Called to Unity

I attend Messiah College, a non-denominational Christian school. “Non-denominational” means “open or acceptable to people of any Christian denomination.” However, most non-denominational churches adhere to Protestant tenants, as do many of my peers. Due to my Episcopal roots, I struggled to spiritually plant myself at Messiah.

The first time I attended Powerhouse, the student-run worship service, I felt out of place. They sang worship songs projected onto a screen rather than hymns from a book. Few people knelt, but a majority stretched out their hands. It felt more like a rock concert than my church’s liturgy. That’s not to say there’s anything wrong with contemporary praise – it was just unfamiliar to me. Despite my hesitance, I am grateful I gave Powerhouse a chance. Worshiping God in new ways taught me that Jesus calls us to unity, not uniformity.
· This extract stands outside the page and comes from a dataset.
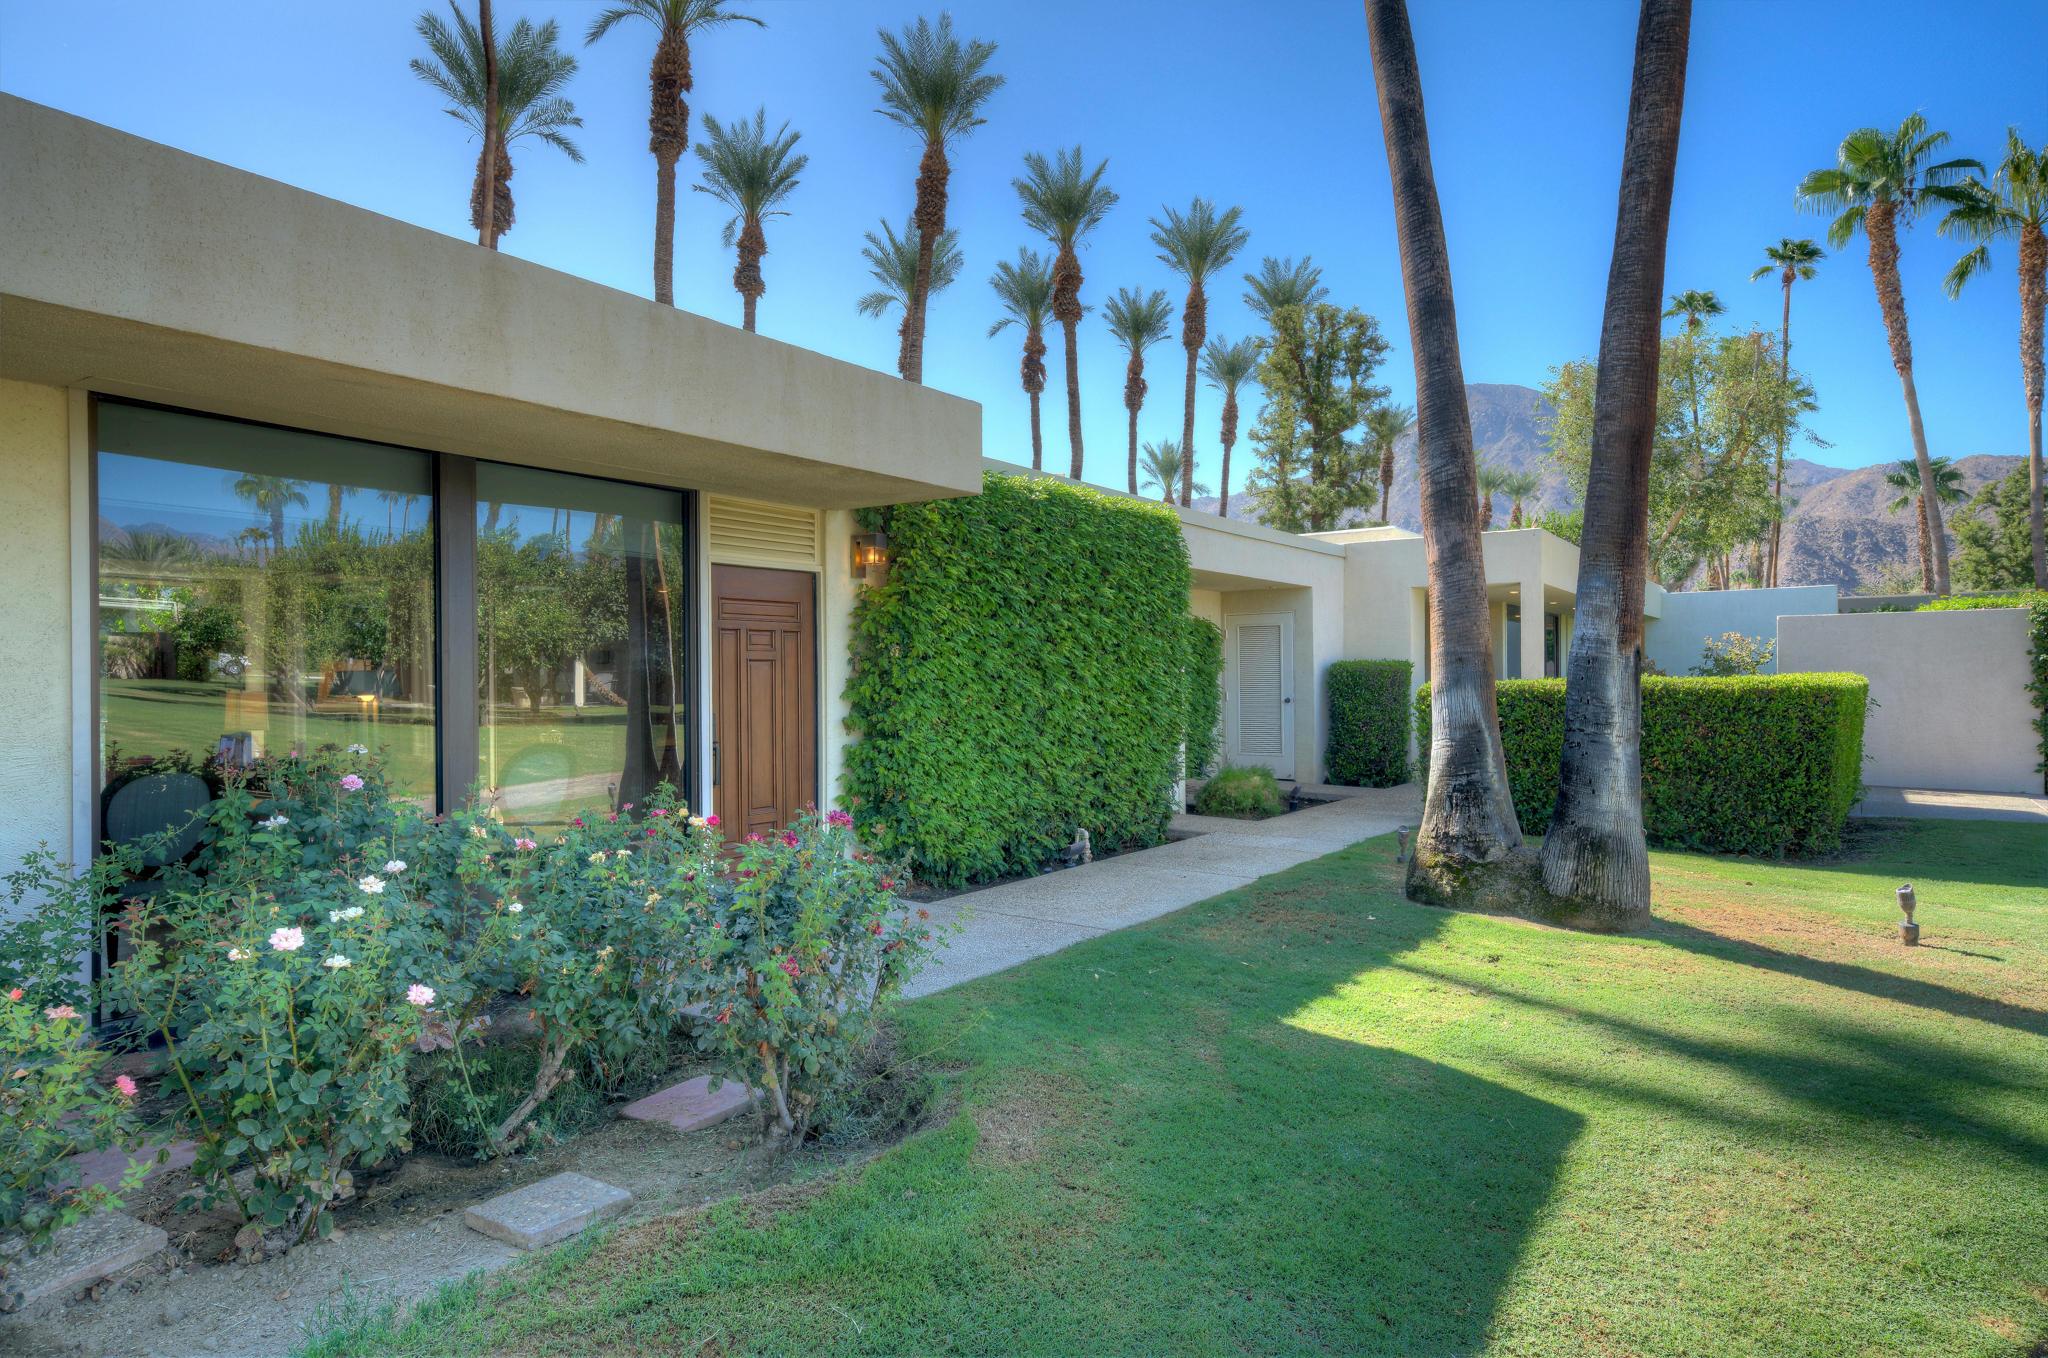 Photo of 46000 W Eldorado Drive #38, Indian Wells, CA 92210

During my freshman year, I grew frustrated with peers, and even professors, who harbored prejudices toward particular denominations, specifically Roman Catholicism. Despite a chauvinistic population on campus, I found people who embraced the blessings of a nondenominational community. I joined friends to visit Eastern Orthodox, Brethren in Christ, and Metropolitan Community churches. I met truly open-minded people with a desire to see God anew. In 1 Corinthians 1:12-13 (ESV), Paul wrote: “Each one of you is saying, ‘I follow Paul,’ and ‘I follow Apollos,’ and ‘I follow Cephas,’ and ‘I follow Christ.’ Is Christ divided? Was Paul crucified for you?” Although I attend St. Paul’s Church, I belong to a much bigger church: the body of Christ.
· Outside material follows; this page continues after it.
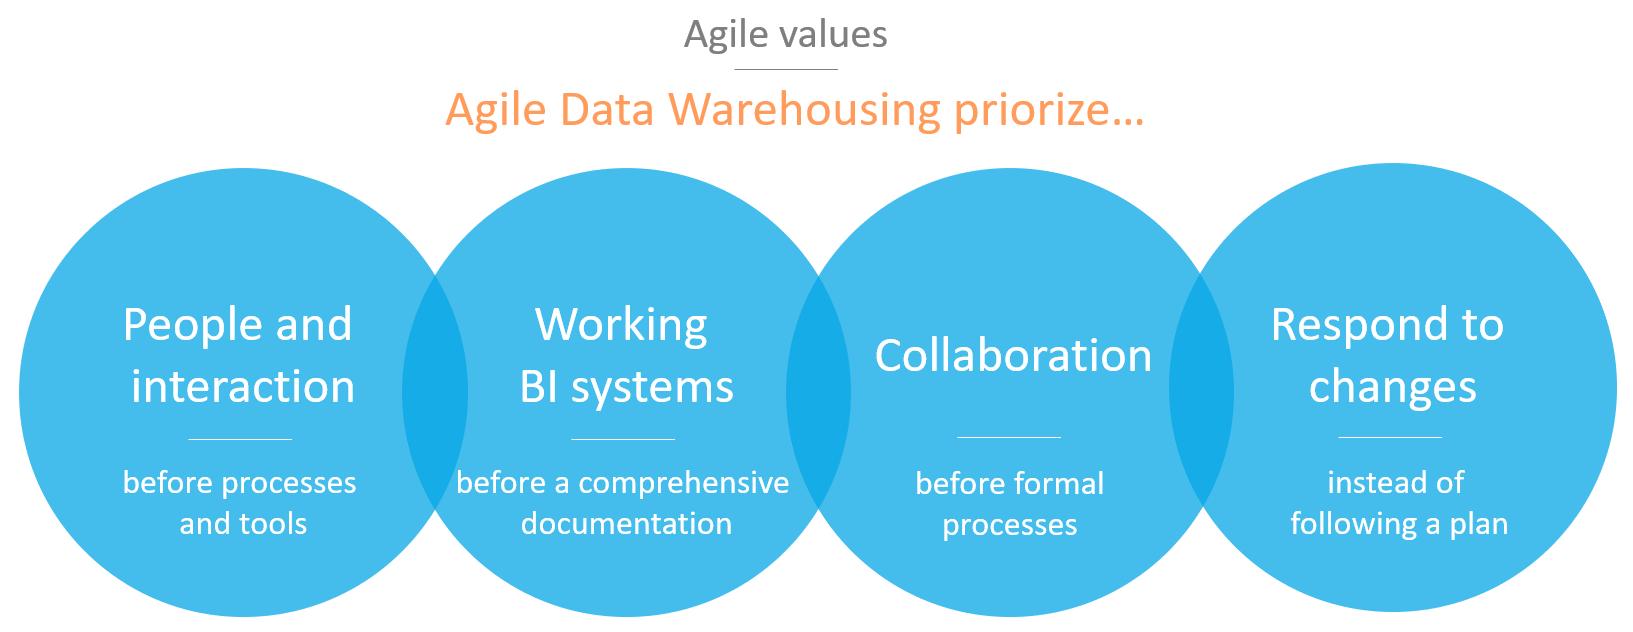 agile-values.png

This does not mean there should only be one denomination, but that they should share fellowship with one another. For instance, Catholic J.R.R. Tolkien helped C.S. Lewis convert to Christianity, but Lewis found harmony in Anglicanism. In “Mere Christianity,” he said, “[Christianity] is more like a hall out of which doors open into several rooms….But it is in the rooms, not in the hall, that there are fires and chairs and meals. The hall is a place to wait in, a place from which to try the various doors, not a place to live in.” Each room of Christianity reveres God uniquely, but are one in the Holy Spirit.

I have learned so much, and have much to learn, from different Christian traditions. My spirituality is a beautiful blend of my inter-denominational experiences, from Mennonite to Methodist. I commend Messiah for creating a community where Christians of all creeds can grow together.